Orange and District Historical Society members Euan Greer and Ross Maroney welcomed the news.
“It’s exciting,” Mr Maroney said.
“It’s one of the treasures of Orange.”
Mr Greer said the park embodied the history of Orange “in a nutshell”, first as an Aboriginal camping ground, then as a camping ground for bullock teams under the name Cattle Dray Park.
“They came to Orange to deliver all sorts of rural produce from outlying areas to the west,” he said.
It later became a recreation area and was listed for housing until 1854 when it was withdrawn from public auction, but it was not proclaimed until 1873.
“When the railway was opened in 1887, all the town’s kids were treated to a party at the recreation ground with plates of cakes and `all other toothsome niceties’, that was the language of the day,” Mr Greer said.
Mr Maroney believed the site’s swampy condition kept it free from development.
“It was probably just too boggy,” he said.
The council’s submission to the NSW Office of Environment and Heritage said the park met the criteria because it was an intact Victorian-style park and it featured several Depression-era projects including the Blowes Conservatory, the rose-covered Frank Mulholland Memorial Garden, the fernery and the aviary.

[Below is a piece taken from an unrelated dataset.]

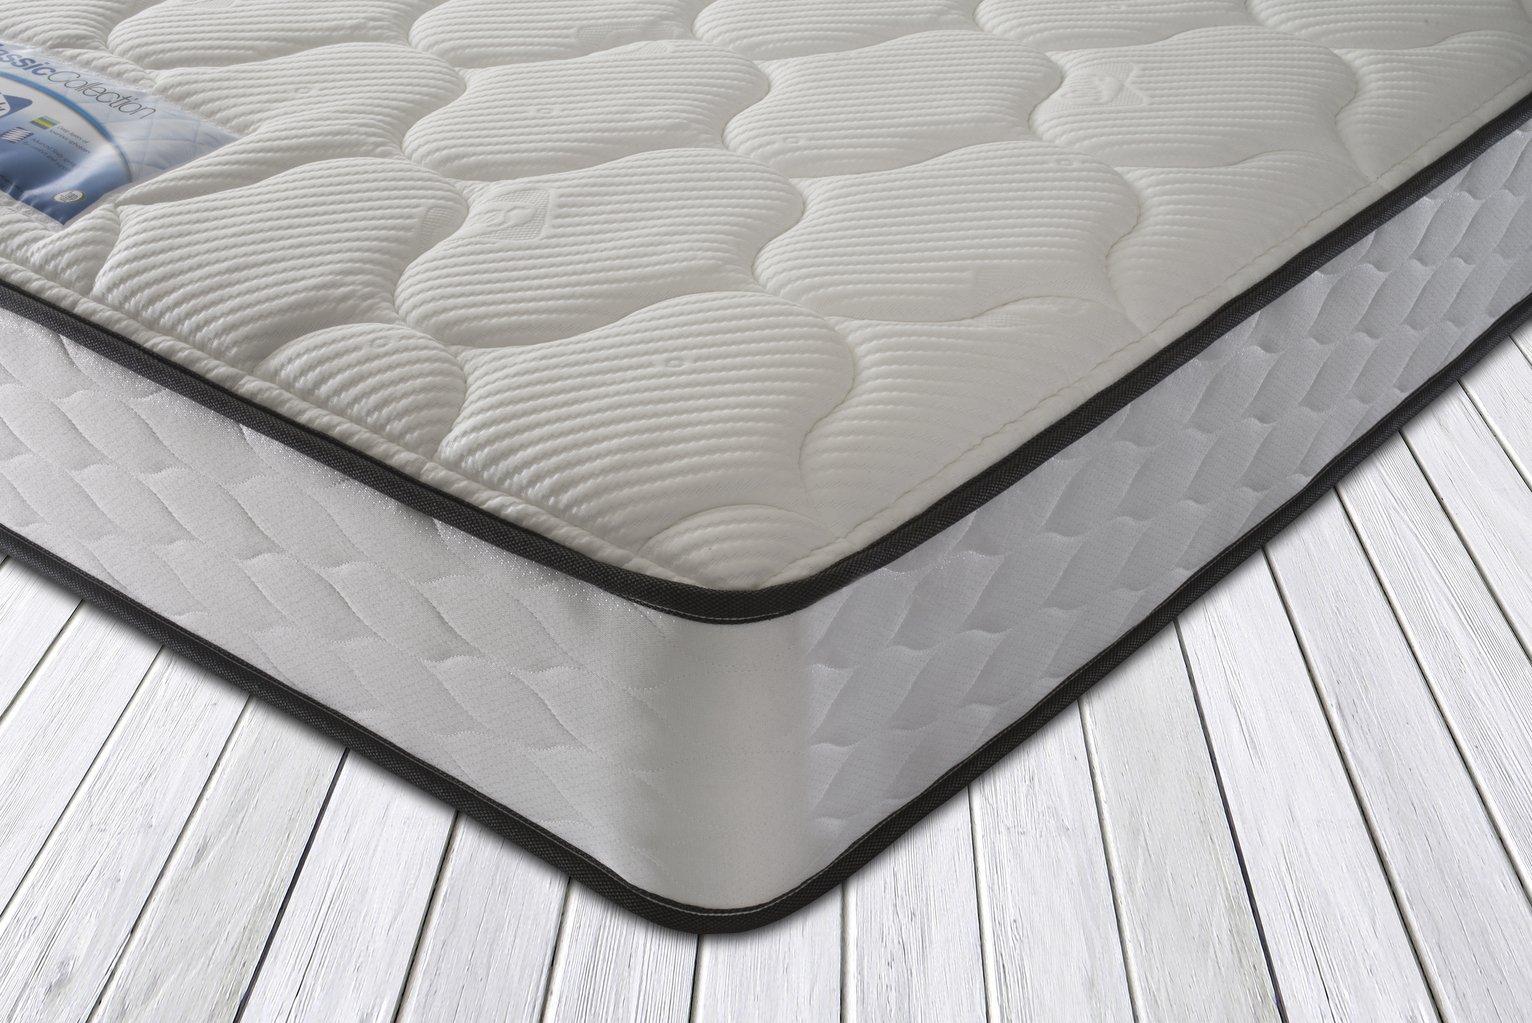 Sealy 1400 Pocket Sprung Micro Quilt Superking Mattress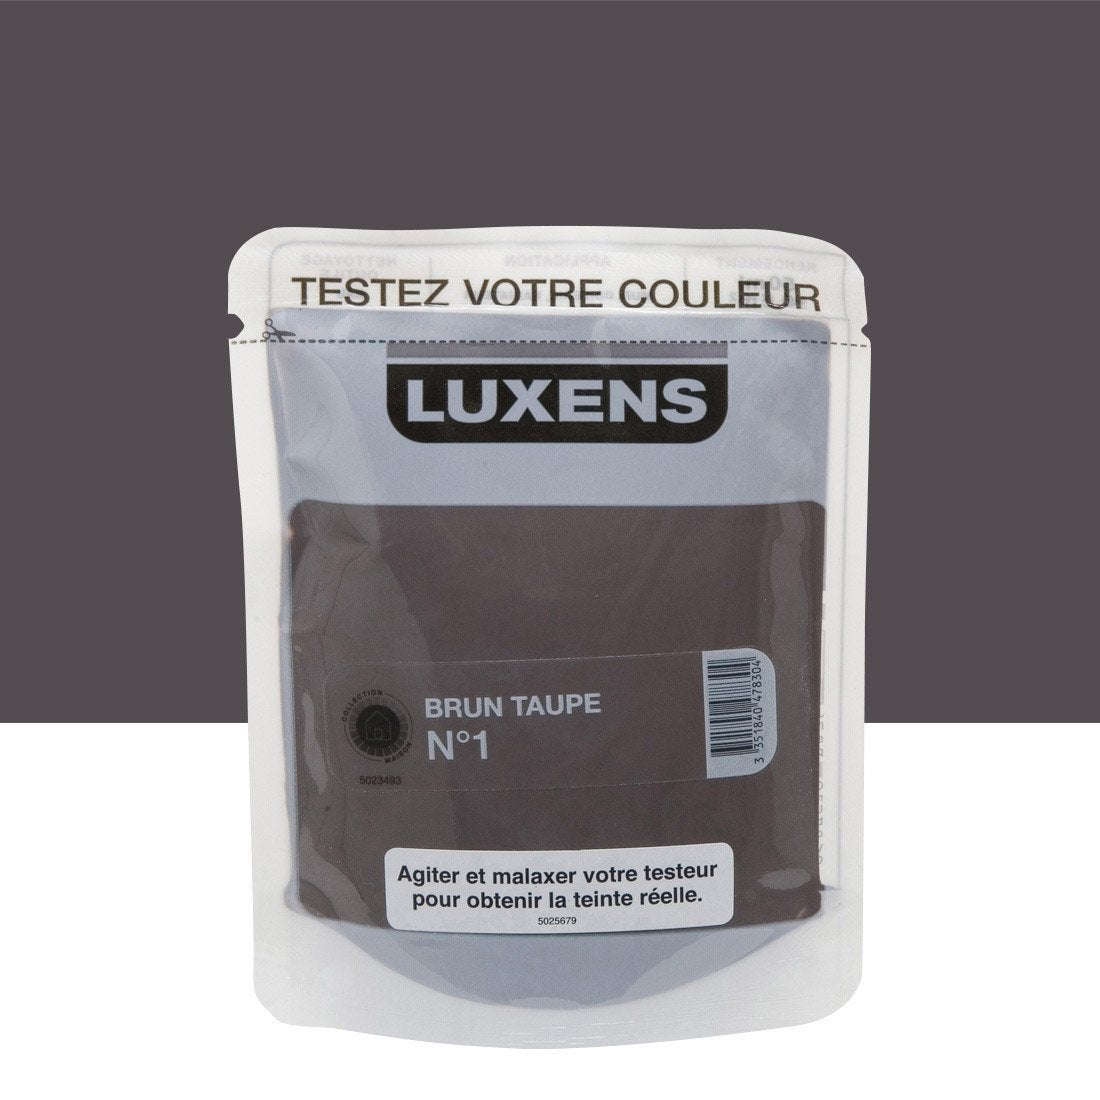 testeur peinture brun taupe 1 luxens couleurs int rieures satin l leroy merlin. Black Bedroom Furniture Sets. Home Design Ideas

The submission also said the remaining trees sent from the Sydney Botanic Gardens in 1870 included rare and endangered species, especially the redwood conifers.
Mr Greer said the park had enduring ties to Orange’s older families, including the Daltons through the central fountain and the rotunda, the Blowes family through the conservatory and the Basticks, who lived at the guildry cottage and were park caretakers for 90 years.
Councillor Reg Kidd said the listing had been years in the making.
“The council is working on the details to get the balance right between appropriate protection for historical features of the park and the freedom to look after routine maintenance,” he said.